My husband has been self employed most of our 25 years of marriage, but for the last 4 years he had been working a few days a week for someone else. That meant that he was gone those days. I liked that. I liked having that feeling of missing him. It made it more special when he WAS home. It also let me feel like the queen of my house.
Several weeks ago his season at this job came to end. The job role had changed and he had been stressed for quite some time. It became clear that he was going to be back at home full time. This made both of us nervous, but for different reasons. His concern was for provision…that he would have enough work to keep us afloat.
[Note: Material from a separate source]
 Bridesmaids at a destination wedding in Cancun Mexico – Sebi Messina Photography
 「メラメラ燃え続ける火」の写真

Mine was for the impact it would have on our marriage and my daily life with him around ALL. THE. TIME.
My husband and I have had a very good marriage and when the kids were little, I loved having another adult to talk to, so having him home was great. Since we have had teens and adults in the house, my need for words has diminished. In fact, I’m pretty much done with words by the end of the day. We homeschool our kids (five out of eight are still at home), so they are here pretty much all the time…with their words, their agenda. And, bless their hearts, they take up a lot of ‘personal space’. So, needless, to say, I was less than excited to have another person filling up our house, not mention I feel the need as a wife to pay attention to my husband if it seems like he needs me at anytime throughout the day.
I felt overwhelmed. But, trying to be pro active, I made sure we had some good discussions along the way, expressing my concerns and letting him express his.
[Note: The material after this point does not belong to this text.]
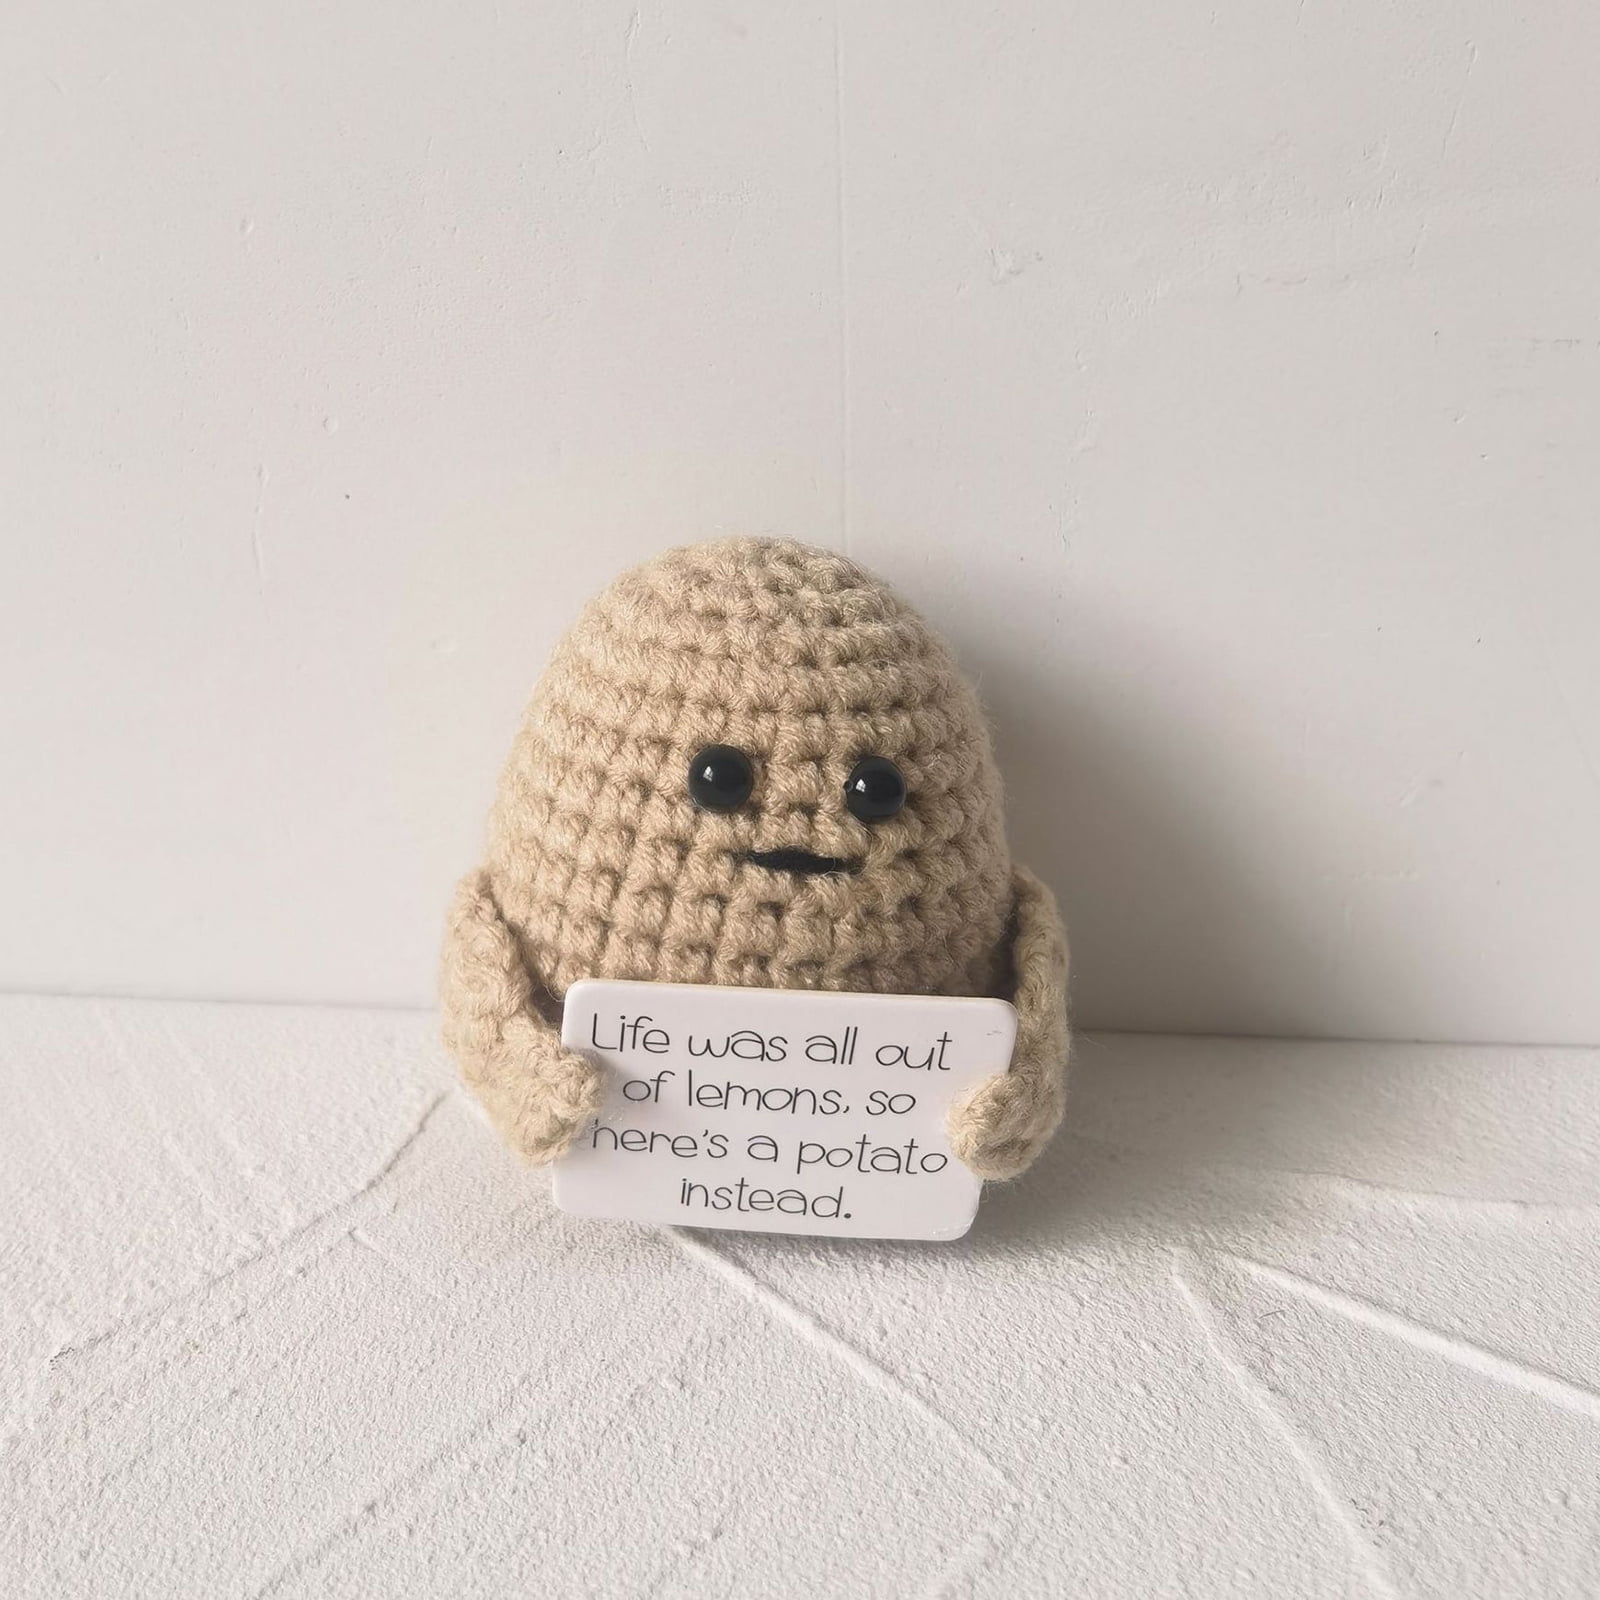 Koupit Handmade Knitting Potato Doll Wool Emotional Support Potato Doll  Funny Positive Potato Doll Home za dobrou cenu — doprava zdarma, skutečné  recenze s fotkami — Joom

Then it got hard. His stress was taking its toll. I don’t know about yours, but when my husband is under pressure he has a survival mode that he goes into. I don’t like it. AT. ALL. But I was trying to be understanding. Well, maybe not trying quite as hard as I could. Finally I realized what was happening and that we needed to address this.
I chose a time when we were having fun, hoping to keep things light. FAIL. It pretty much ruined THAT moment. His response was not what I had hoped for. We’ve been down this road before, but this time was different. For me. You know that realization that this may be an area in your husband that NEVER CHANGES, and that you are TIRED? Tired of fighting it, tired of being upset by it. I found myself making a commitment inwardly to NEVER do this again. I would not make the effort to connect with him in this way, even for the health of our marriage. I would, instead, give up and avoid it like the plague. And for the first time ever, I felt up for the challenge.
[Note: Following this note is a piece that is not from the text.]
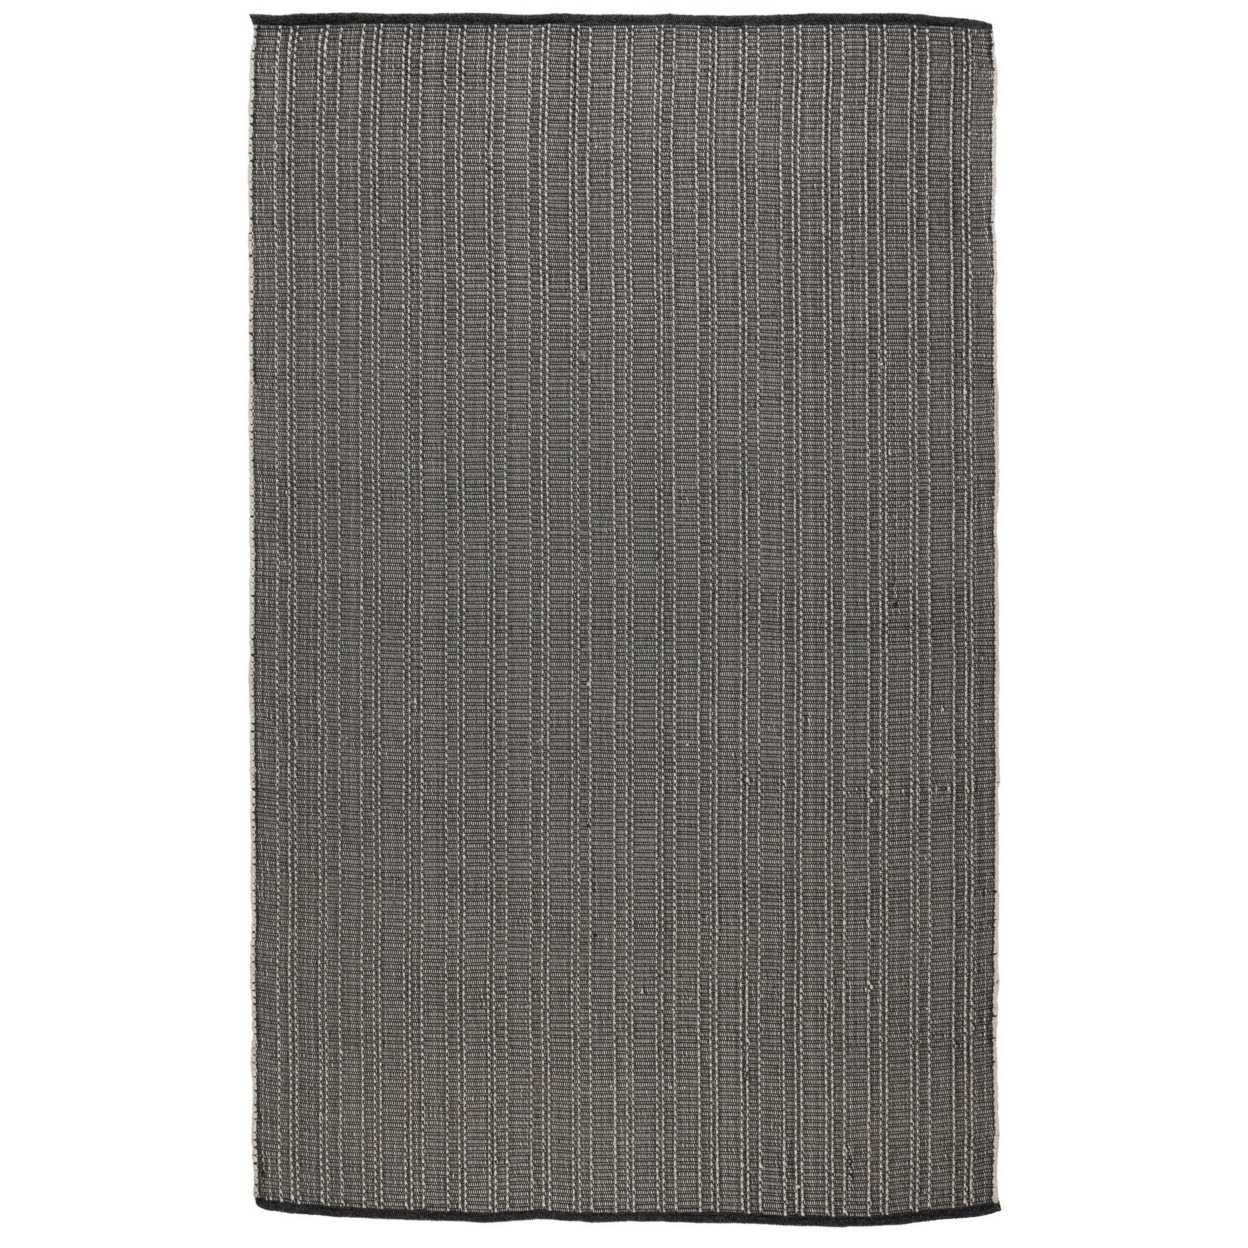 Leah 5 X 8 Indoor Outdoor Area Rug, Handwoven Classic Texture Charcoal Gray- Saltoro Sherpi

At that moment, I realized I was in a dangerous place. I started praying a hedge of protection around our marriage because the idea I was entertaining was basically divorce. Not on paper. Not in public. But privately I was considering divorcing myself emotionally from this man that I had committed to love in good times and in bad. And that was like playing with fire.
As I continued to pray through the next day, God showed me why I was considering divorcing my husband emotionally…to protect myself, but He was also telling me I could still keep trying to work on this less than perfect relationship because even if my husband rejects my attempts at making our marriage healthier, He could fill that void.
You see, our husbands were never meant to be our all in all. Only God can be that. We aren’t put on this earth to have a perfect marriage. We are here to glorify HIM. And so we can love with abandon and not FEEL abandoned regardless of the results. God is just that good.
And, for the record, I confessed my thoughts and what God showed me, to my husband. The fact that I was declaring my dependence on God and not on my husband’s performance allowed him to freely make the choice to love me better, because he knew I was clearly going to be fine either way. It took the presssure off.
I also came to find out that what my husband seemed to be conveying on the outside during our conflict was NOT what was going on inside. He did NOT feel justified. He felt like a failure. Had I abandoned the relationship to protect myself, I never would have known that he was having his own battle. To my husband’s credit, he recognized my needs and responded in the following days in such tender ways. That isn’t going to happen every time for any of us, but God is ABLE and WILLING to fill that void.
No matter how great or lacking our marriages are, the struggle is real, but God is good. ALL.THE.TIME.
*I want to clarify that if you are being abused physcially or emotionally, you NEED to get help. I am not insinuating that anyone should be okay under those circumstances.